Her last sharing had been one of initiation. Now, one of them, she shared the collective family memories, ancient and new, the building of the keep above the Varda Pass, the family exodus, the rising of cathedrals and palaces, the triumphs and the tragedies, her mind sharing each memory, becoming part of the whole. She stored it, every detail, to be recalled and slowly savored on some empty night.

The voices! The faces! The magic of it filled her, until she could no longer contain it. She exploded like the others into a song, rising, falling, dancing with the flames, scarcely noticing when the physical bonds broke and their human loves and friends stepped forward and shared their past.

Later, when the ritual had ended and the circle had broken into small groups, Helen went home. Her mind seemed universal now, a part of the family not quite her own. This was the moment she’d waited for. She pulled out Hillary’s painting for one final detached appraisal.

And could find no flaws.

The nude, “The Border of Woman,” had an almost universal effect on its viewers. It showed a girl who had seen too much, endured too much, and now tried to hold on to her tattered innocence while being thrust into adulthood by the biology of time. She faced the future as she had the horror of her past—with confidence and determination in her wide-spaced hazel eyes.

Helen hid the painting from Hillary. She wisely knew the effect it would have on the girl but she never anticipated the effect it would have on adults. Men could not help but look at it and desire the woman Hillary had almost become. Yet the body was unmistakably that of a child and her protective modest pose made their desire shameful. The expression was frightened and sad as if the subject knew every emotion she aroused and dreaded them.

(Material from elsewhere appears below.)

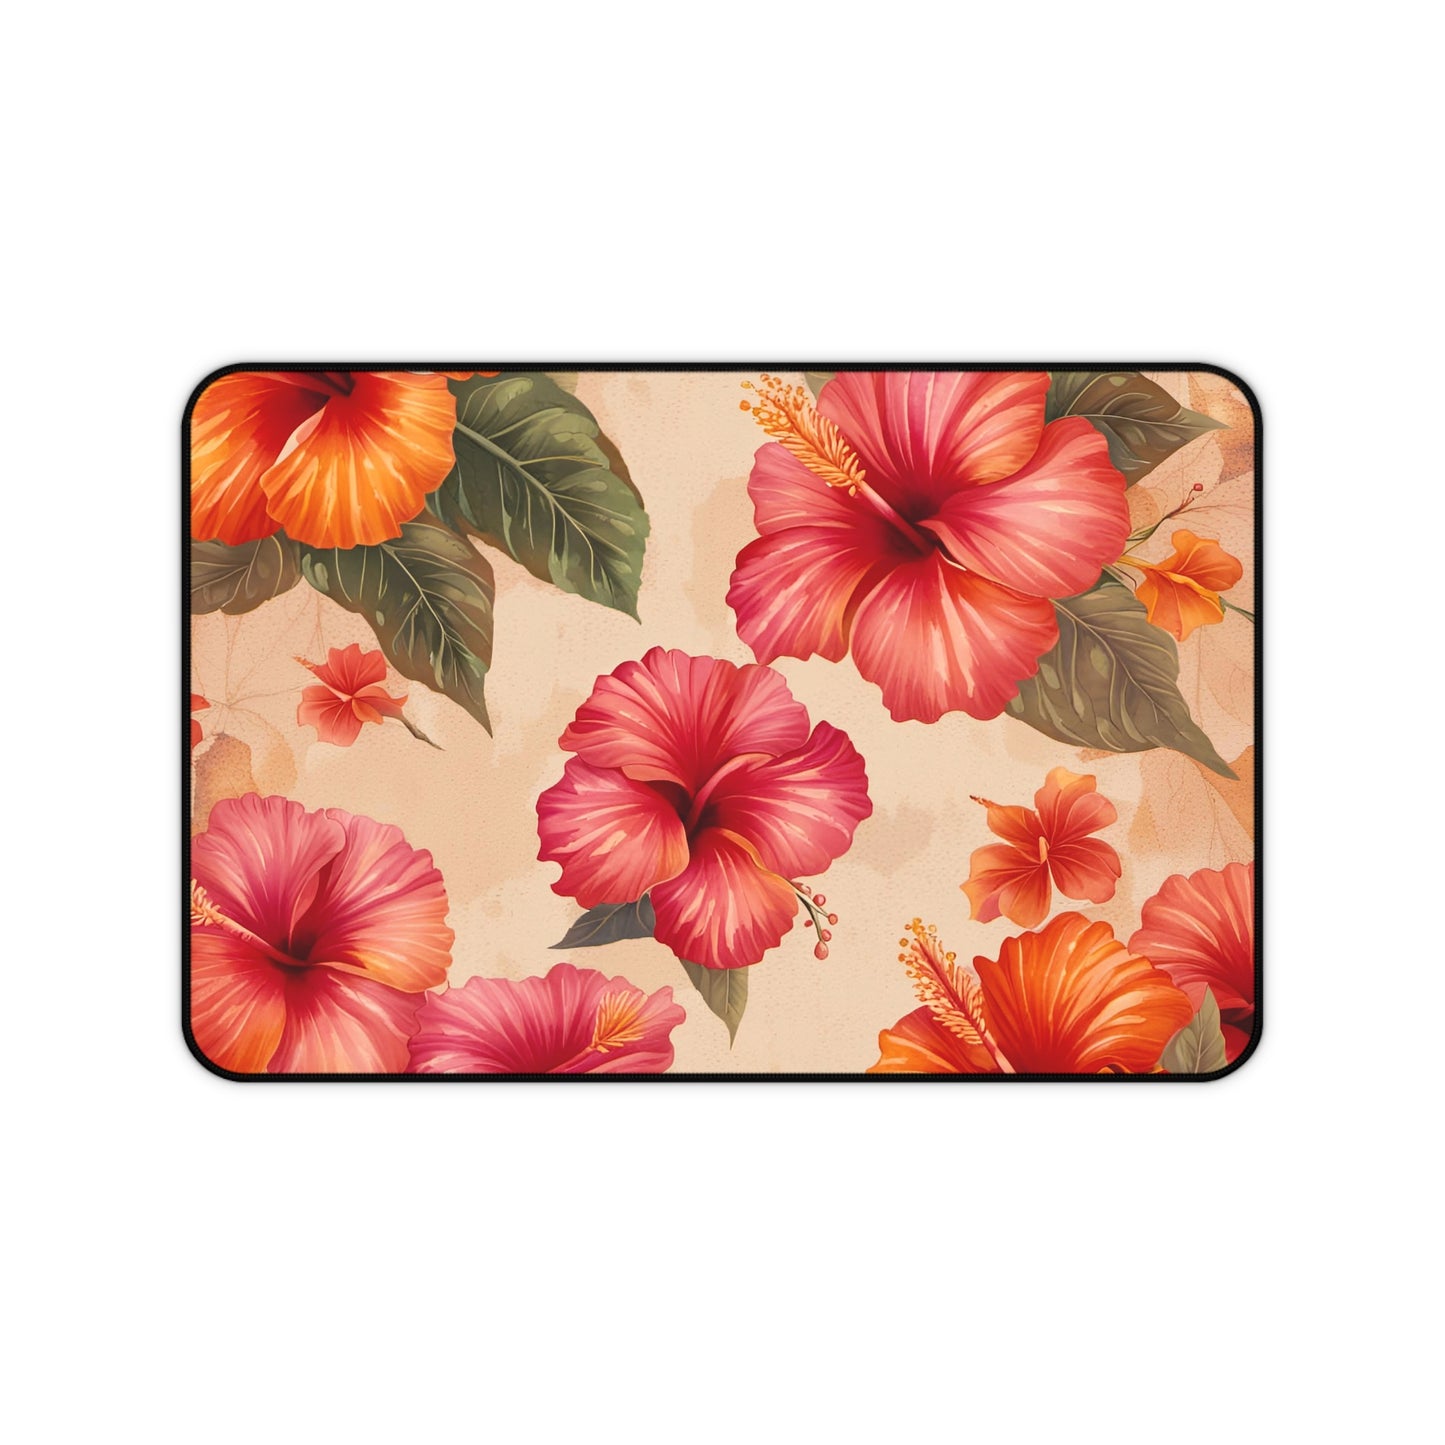 Hibiscus Flowers on Distressed Background Printed on Desk mat 12x18

Helen was forced to remove it from her London exhibit. The American Gallery that would sponsor her New York show was given a preview look at it along with a number of other paintings. The owners were universally enthusiastic in their reception of the nude, making it the focal point of their publicity.

After the London showing, Helen and Stephen visited Alpha, the Austra subsidiary in Ireland. While Stephen had his final meetings with the Alpha managers, Helen took long walks through the hills, reveling in the cloudy spring weather, the smell of moss, and the sea. From there, they flew to America—to fame, to death.

III

One hope sustained Philippe after Helen left Chaves. She had gone without saying good-bye!

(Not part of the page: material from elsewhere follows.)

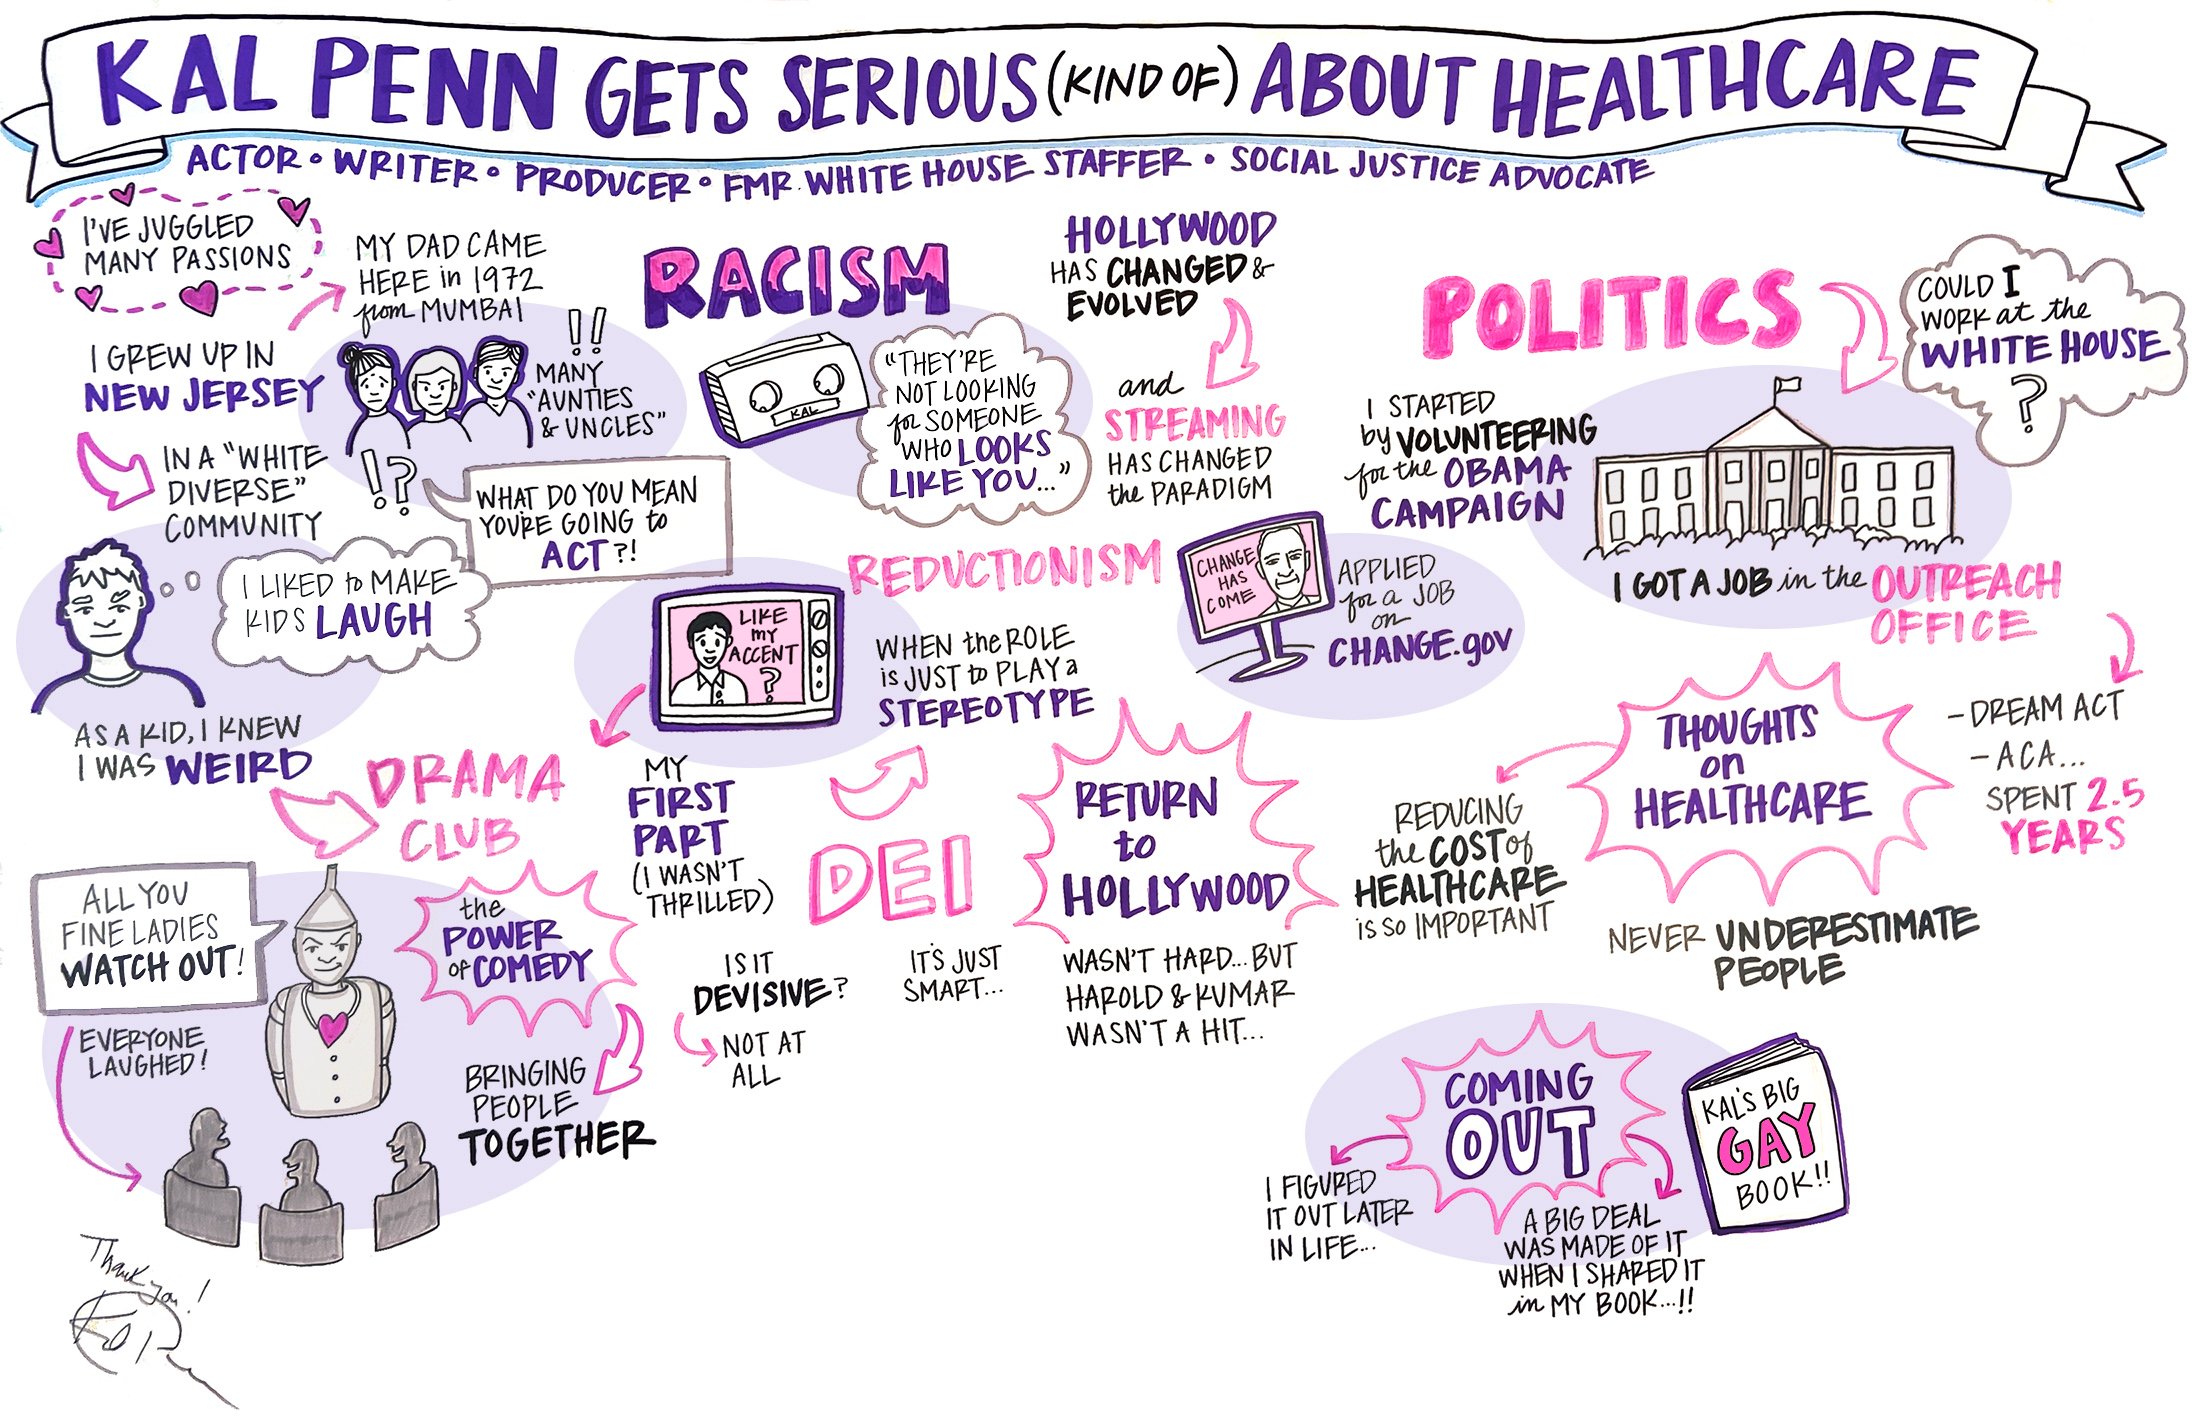 Kal Penn Gets Serious (Kind of) About Healthcare

He had braced himself for the eventual heartbreak but not for his wounded pride.

Or his hope.

She hadn’t said good-bye, he decided, because she didn’t want to leave him. He had to see her, had to beg her if need be to give him more time. She had years, centuries, didn’t she? Oh, yes, he’d find a way to get her back.

At night, he would lie awake, waiting to hear the front door opening and closing, the rusty hinge telling him she had returned. Then, despondent, he would recite over and over in his head all the words he’d say to hold on to her.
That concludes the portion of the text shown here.